SEOUL/WASHINGTON, Jan 2 (Reuters) – The United States is not discussing joint nuclear exercises with South Korea, President Joe Biden said on Monday, contradicting remarks by his South Korean counterpart as tensions flare with North Korea.
South Korean President Yoon Suk-yeol had said that Seoul and Washington are discussing possible joint exercises using U.S. nuclear assets, while North Korean leader Kim Jong Un branded the South its “undoubted enemy”.
“No,” Biden said when asked by reporters at the White House if he was currently discussing joint nuclear exercises with South Korea. He had just returned from a vacation in the U.S. Virgin Islands, where he was accompanied by his national security adviser, Jake Sullivan.
Yoon’s comments, in a newspaper interview published on Monday, followed his call for “war preparation” with an “overwhelming” capability, after a year of a record number of North Korean missile tests and the intrusion of North Korean drones into the South last week.

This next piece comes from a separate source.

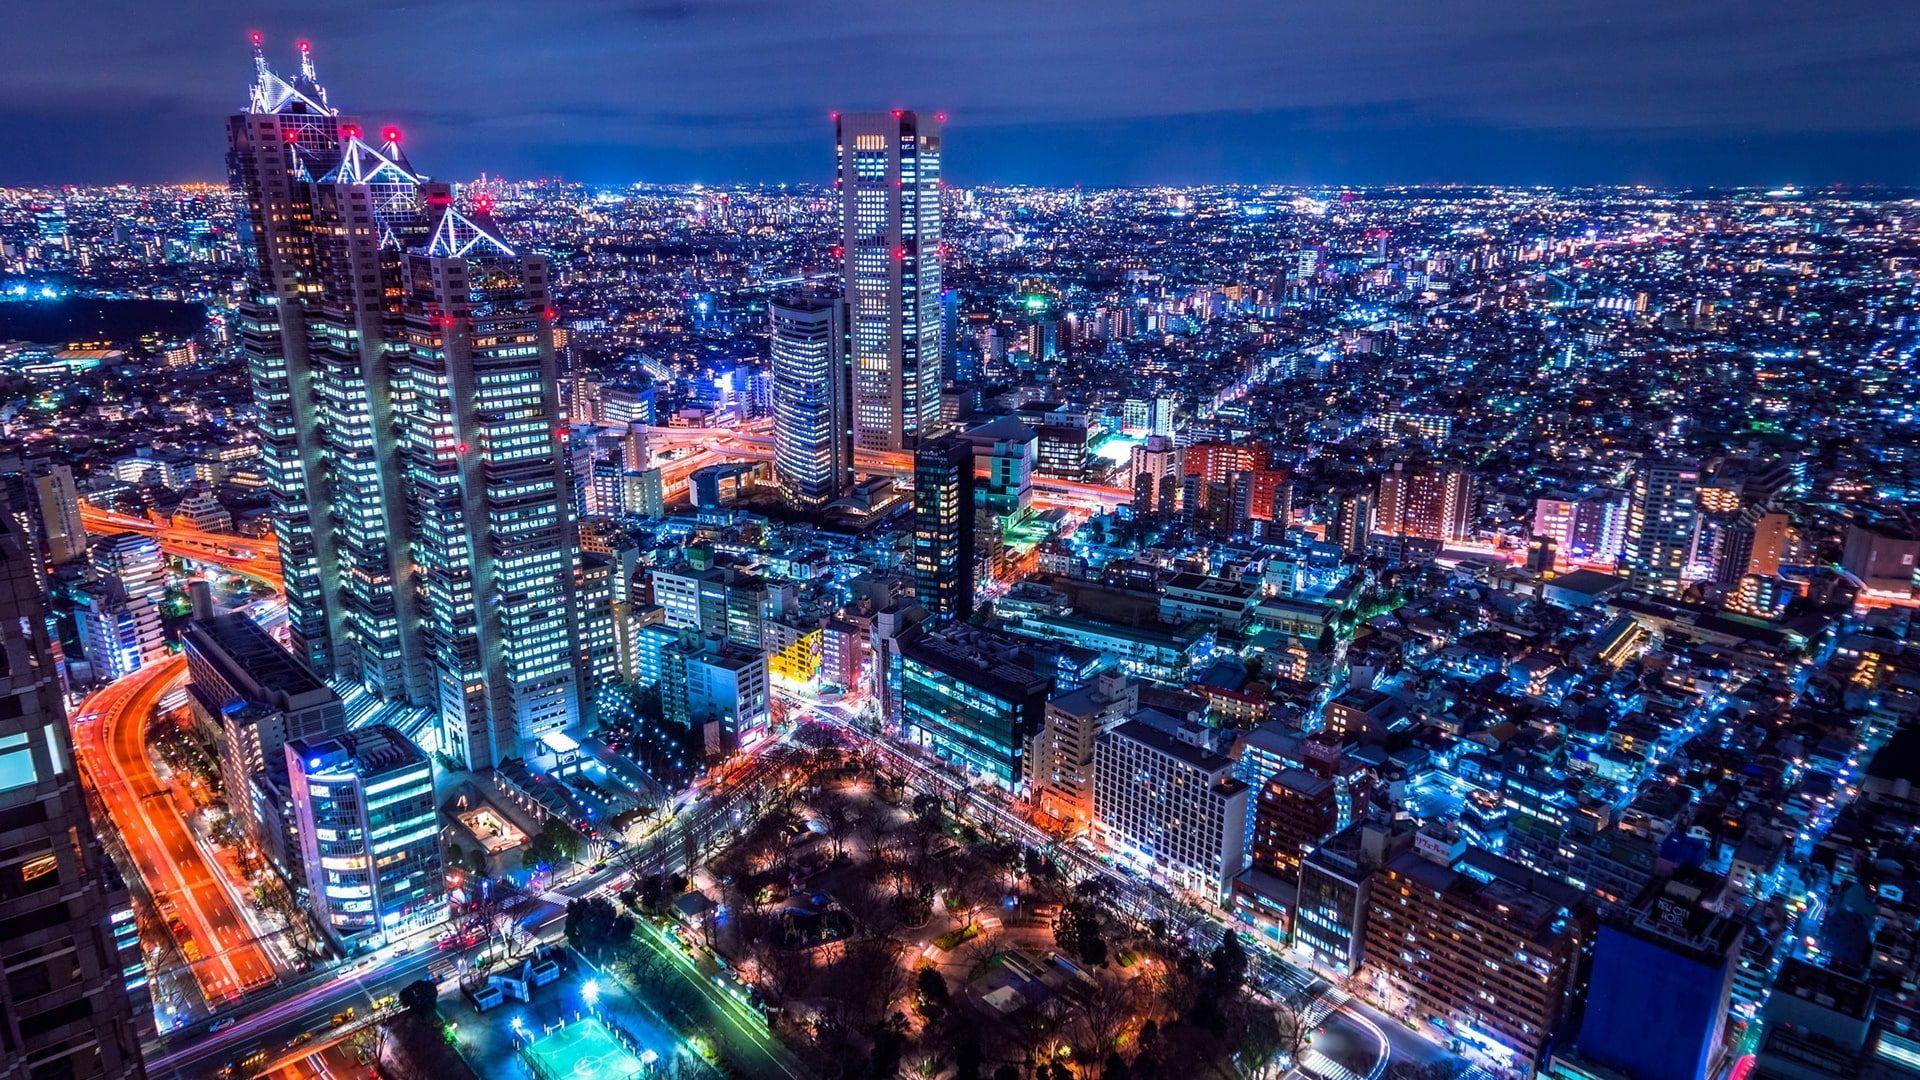 Shinjuku Park Tower Cityscape Shinjuku Japan Metropolis Asia Skyline Night Skyscraper Aerial Photography To Macbook Air Wallpaper Cityscape Metropolis Hd wallpaper city night snow aerial

“The nuclear weapons belong to the United States, but planning, information sharing, exercises and training should be jointly conducted by South Korea and the United States,” Yoon said in the interview with the Chosun Ilbo newspaper.
The newspaper quoted Yoon as saying the joint planning and exercises would be aimed at a more effective implementation of the U.S. “extended deterrence” and that Washington was also “quite positive” about the idea.
The term “extended deterrence” means the ability of the U.S. military, particularly its nuclear forces, to deter attacks on American allies.
The United States has long had an extended deterrence dialogue with Japan to talk about nuclear issues and initiated the same dialogue with South Korea in 2016, said Thomas Countryman, the former acting undersecretary of state for arms control, who chaired the dialogue’s first meeting.
“It’s not immediately clear what in President Yoon’s statement is new and what is a rephrasing of things that are already happening,” Countryman said on Monday in a phone interview.
Now board chairman of the Arms Control Association, Countryman said Yoon’s comments, directed at the South Korean people, appeared to be in response to what Countryman called North Korea’s provocations and rhetoric.
“I do see this as an effort by both President Yoon and the Biden administration to reassure the government and the people of South Korea, that the U.S. commitment remains solid.”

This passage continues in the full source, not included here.